▶ DATASET CONTENT:
Start of Block

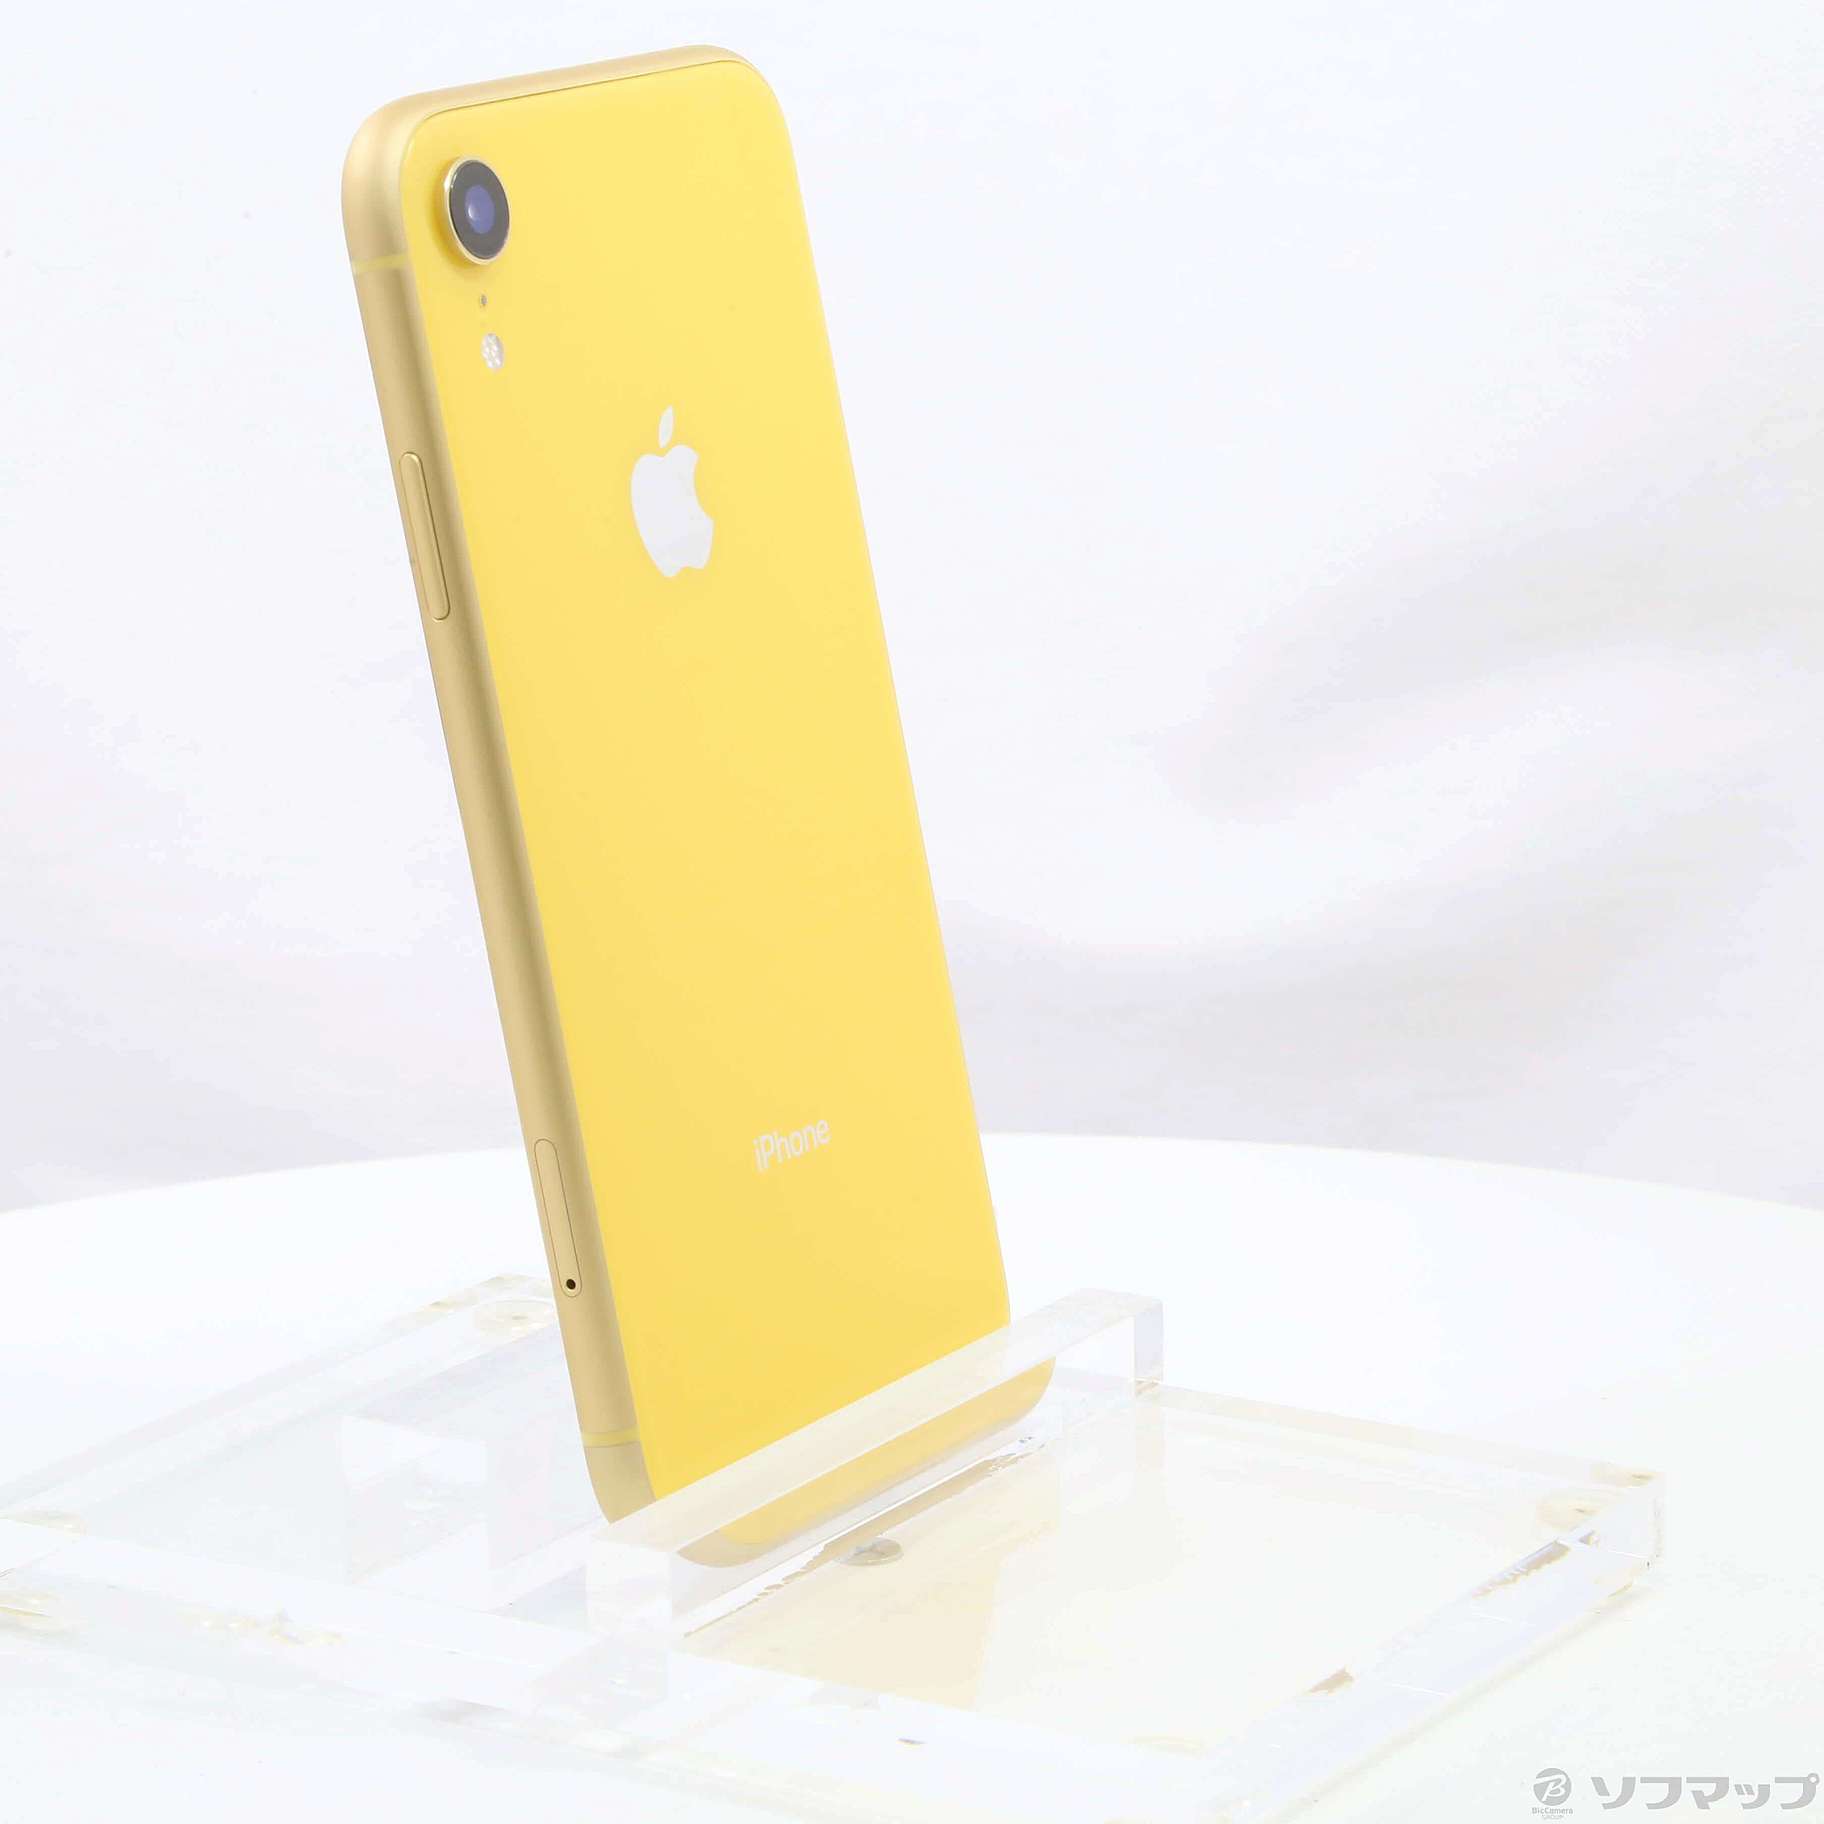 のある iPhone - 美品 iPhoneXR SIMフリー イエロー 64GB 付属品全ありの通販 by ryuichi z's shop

End of Block
Start of Block

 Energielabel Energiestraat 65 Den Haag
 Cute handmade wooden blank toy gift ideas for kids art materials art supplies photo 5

End of Block

▶ WHAT TO DO: Copy out the range of lines above starting at the line with "Energielabel Energiestraat 65 Den Haag" and ending at the line with "Cute handmade wooden", exactly and including both.

▶ EXERCISE RESPONSE:
 Energielabel Energiestraat 65 Den Haag
 Cute handmade wooden blank toy gift ideas for kids art materials art supplies photo 5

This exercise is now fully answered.